What needs to be done = Write out the data exactly, please, and omit the pictures.

*** Opening Provided data ***

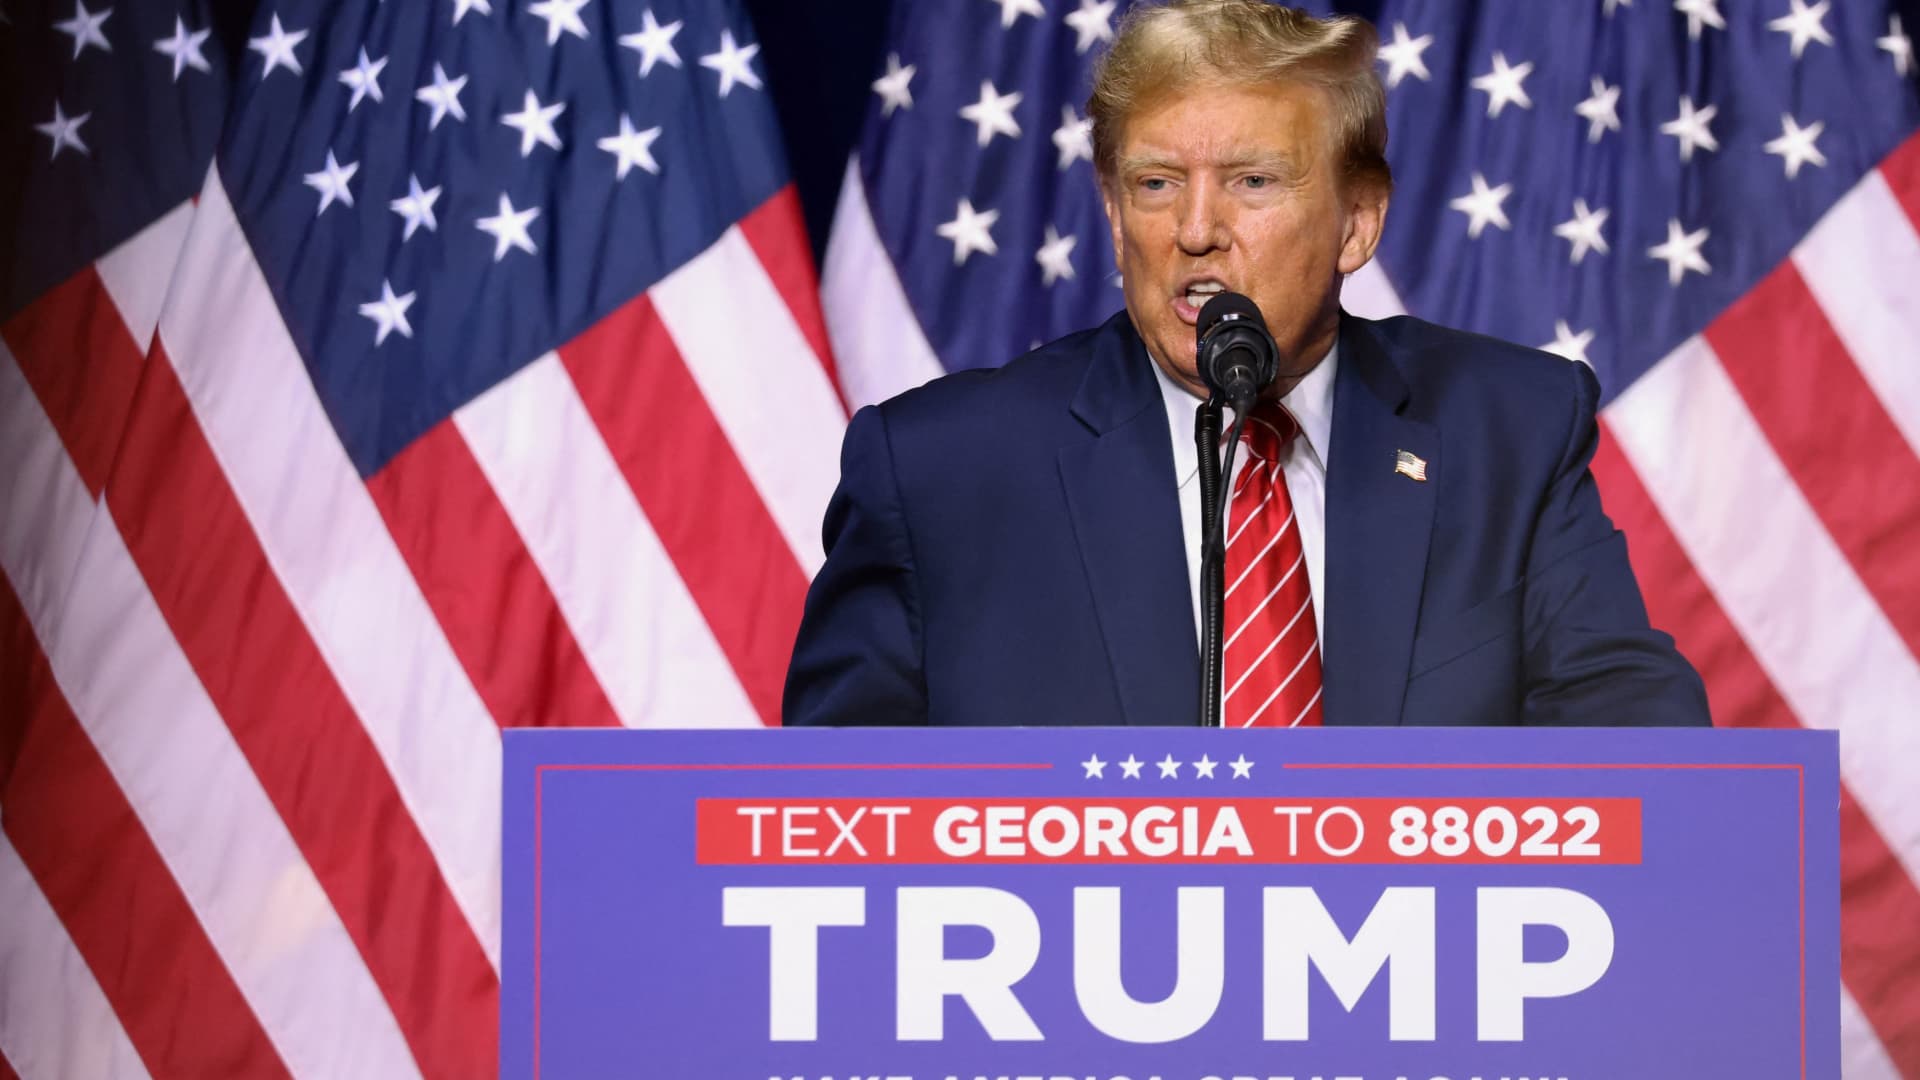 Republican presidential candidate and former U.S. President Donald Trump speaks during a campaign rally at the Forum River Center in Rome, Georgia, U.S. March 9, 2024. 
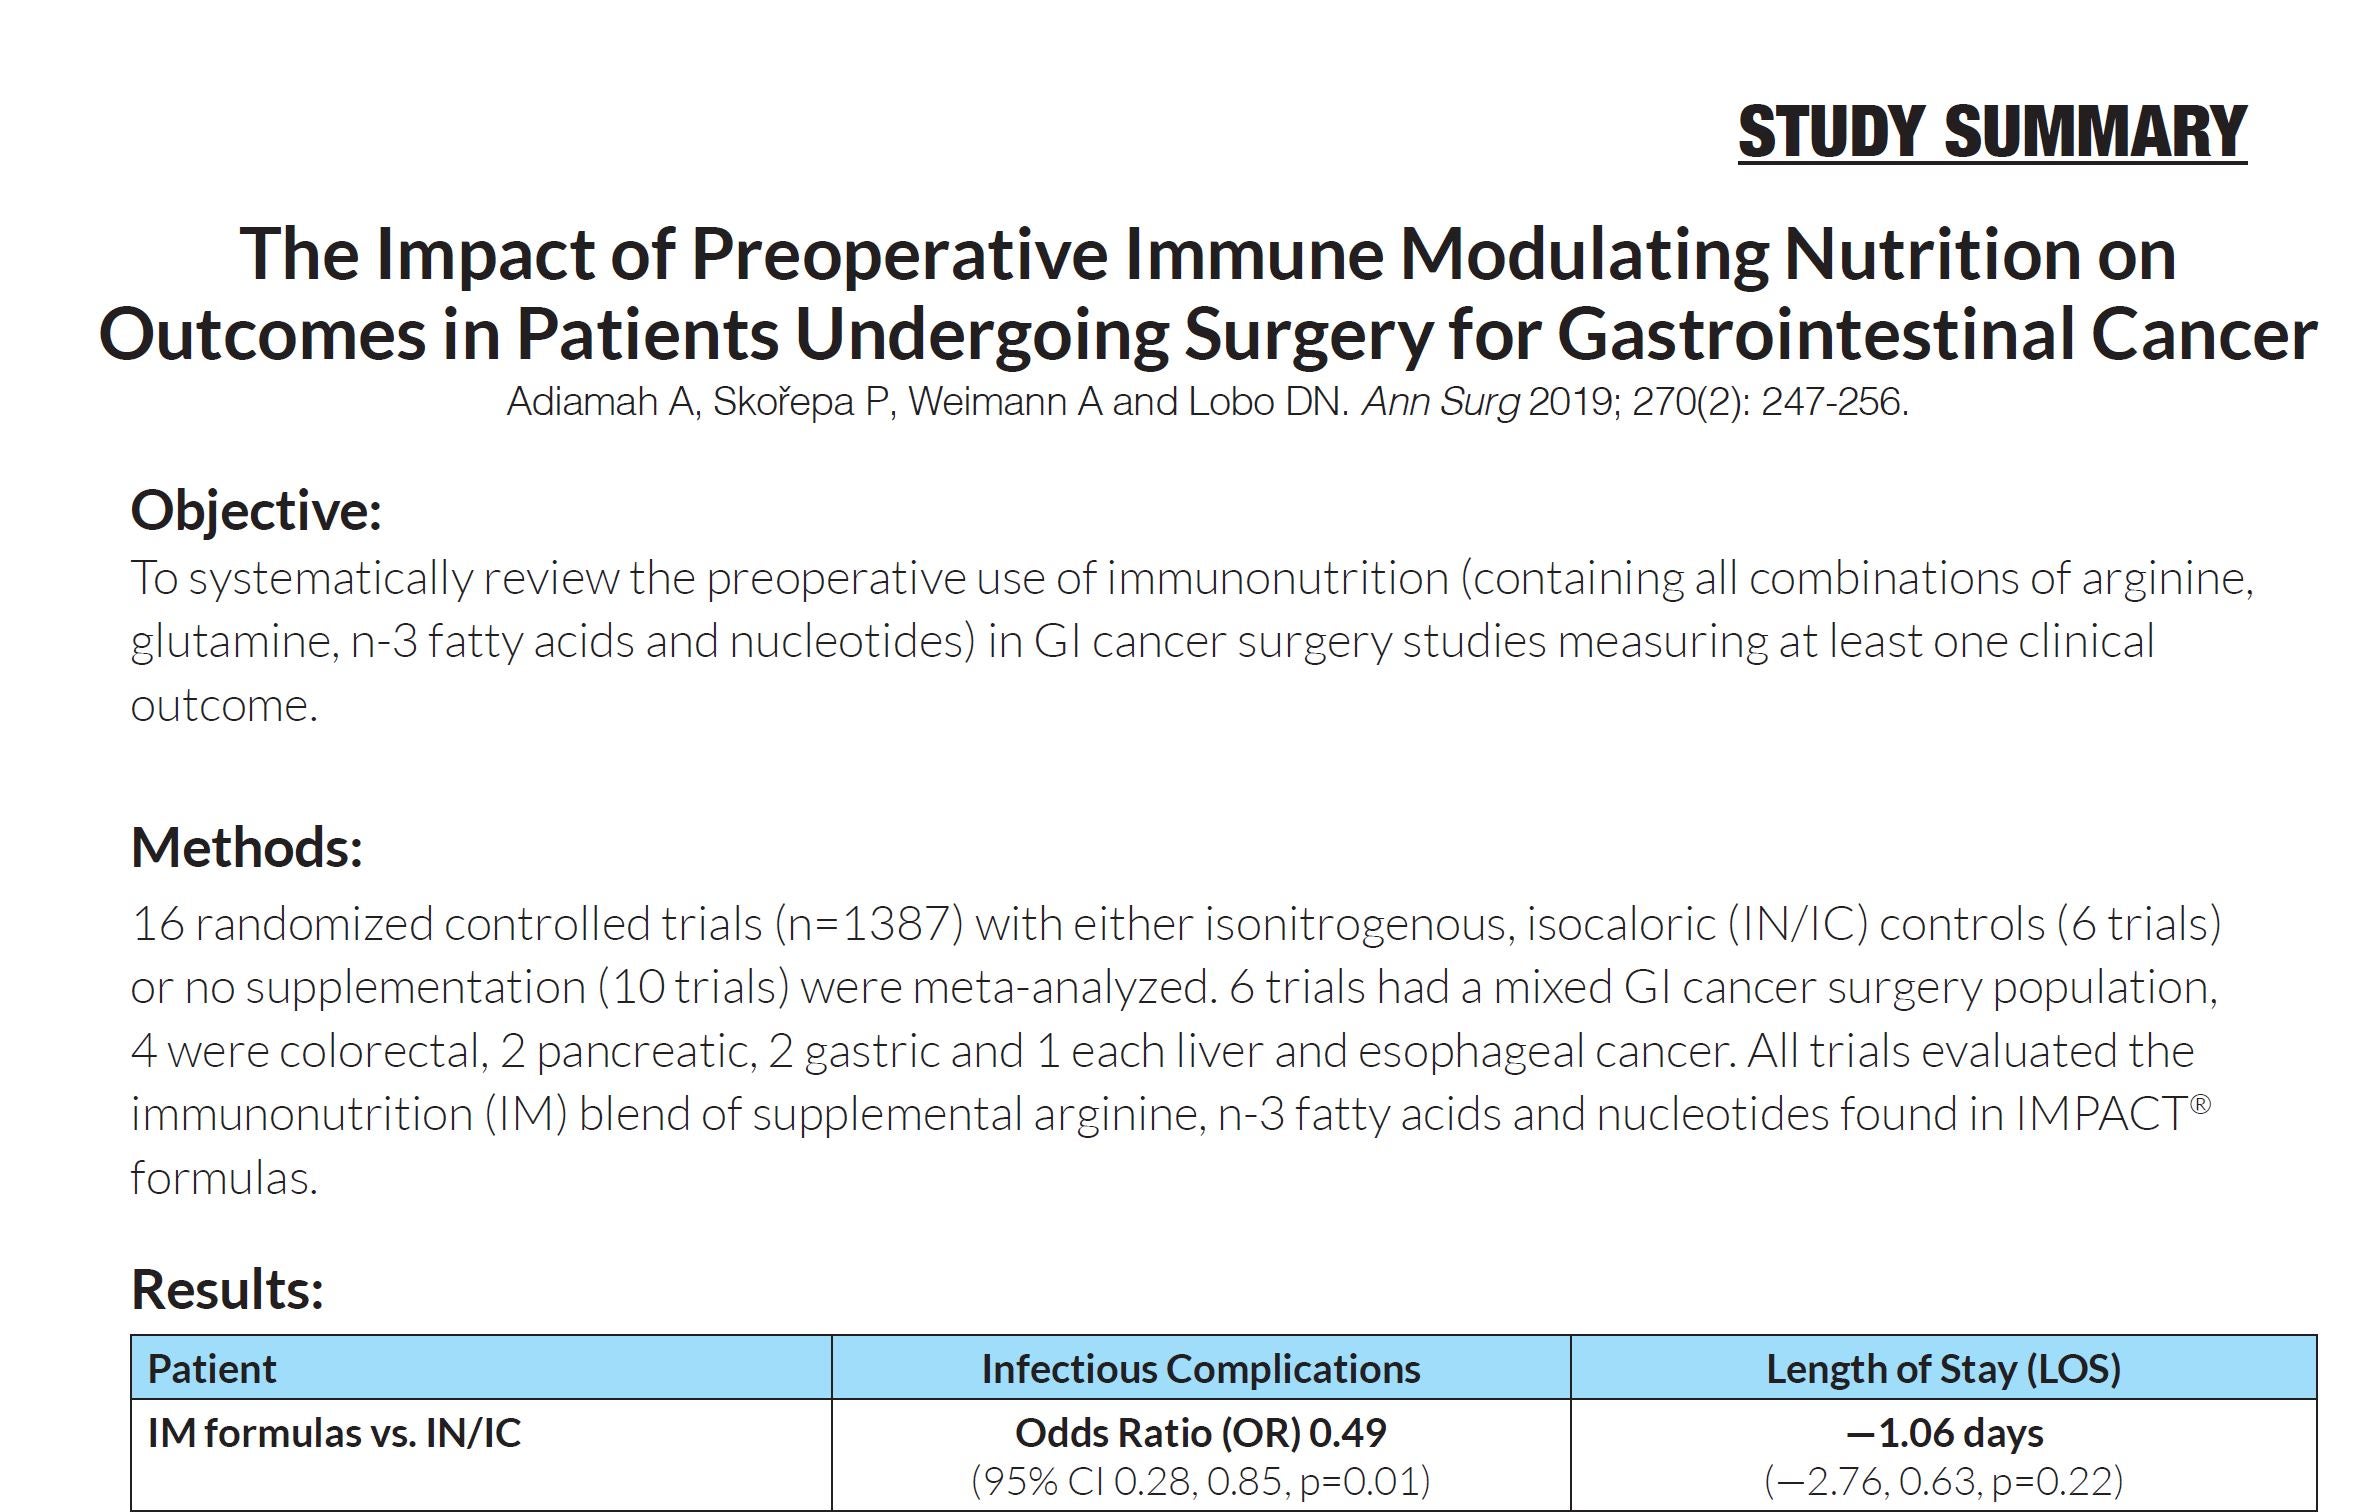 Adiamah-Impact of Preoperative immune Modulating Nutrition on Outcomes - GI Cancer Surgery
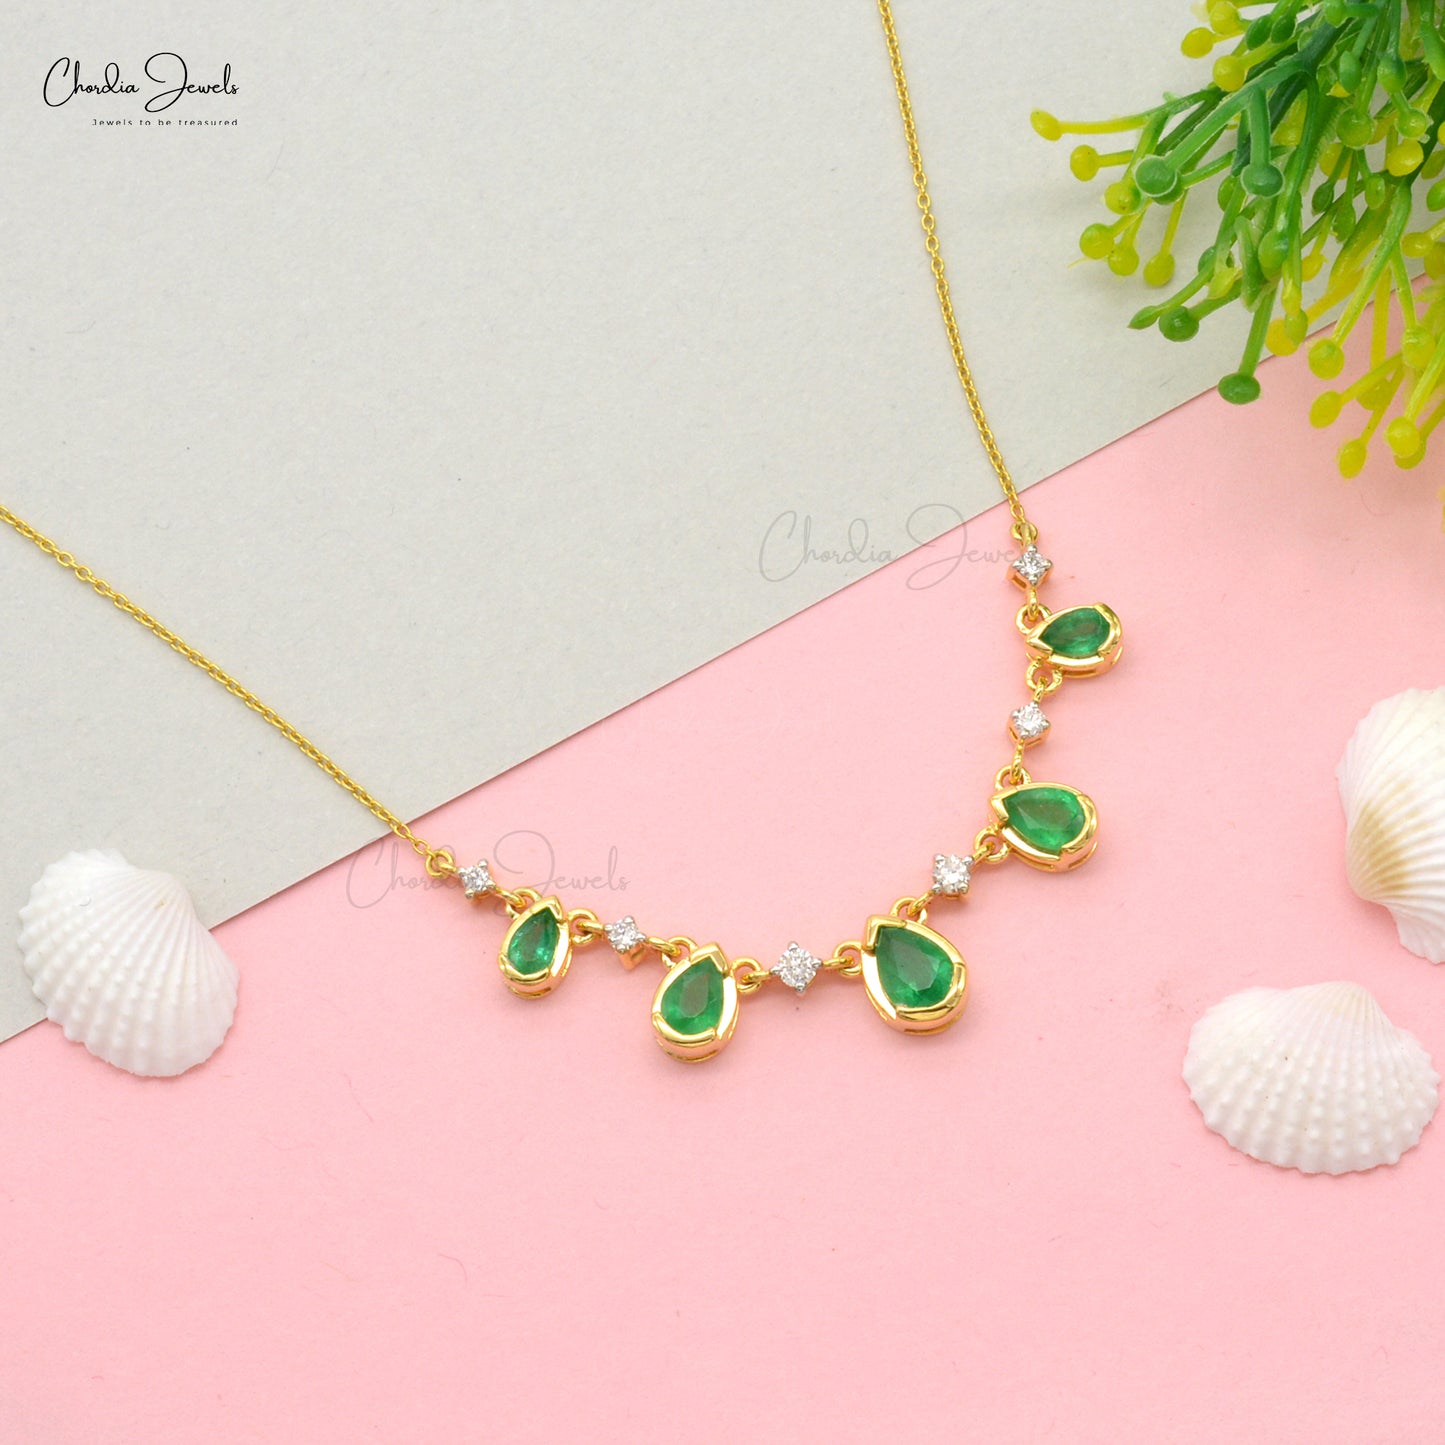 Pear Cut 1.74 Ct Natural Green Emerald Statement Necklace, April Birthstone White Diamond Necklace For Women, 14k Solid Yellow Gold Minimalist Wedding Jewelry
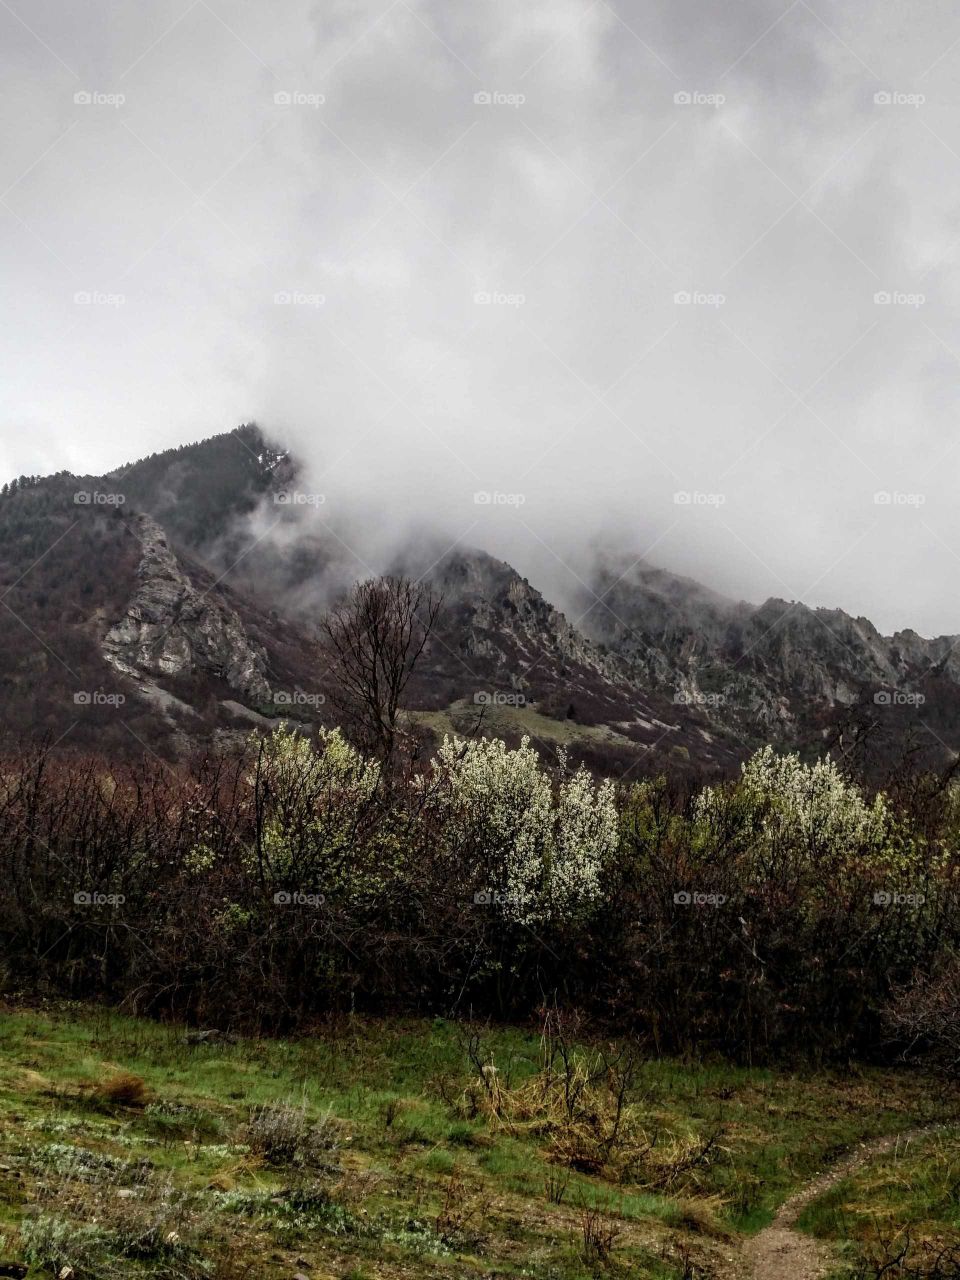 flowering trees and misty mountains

*** Closing Provided data ***

Task answer =
 Republican presidential candidate and former U.S. President Donald Trump speaks during a campaign rally at the Forum River Center in Rome, Georgia, U.S. March 9, 2024. 
 Adiamah-Impact of Preoperative immune Modulating Nutrition on Outcomes - GI Cancer Surgery
 Pear Cut 1.74 Ct Natural Green Emerald Statement Necklace, April Birthstone White Diamond Necklace For Women, 14k Solid Yellow Gold Minimalist Wedding Jewelry
 flowering trees and misty mountains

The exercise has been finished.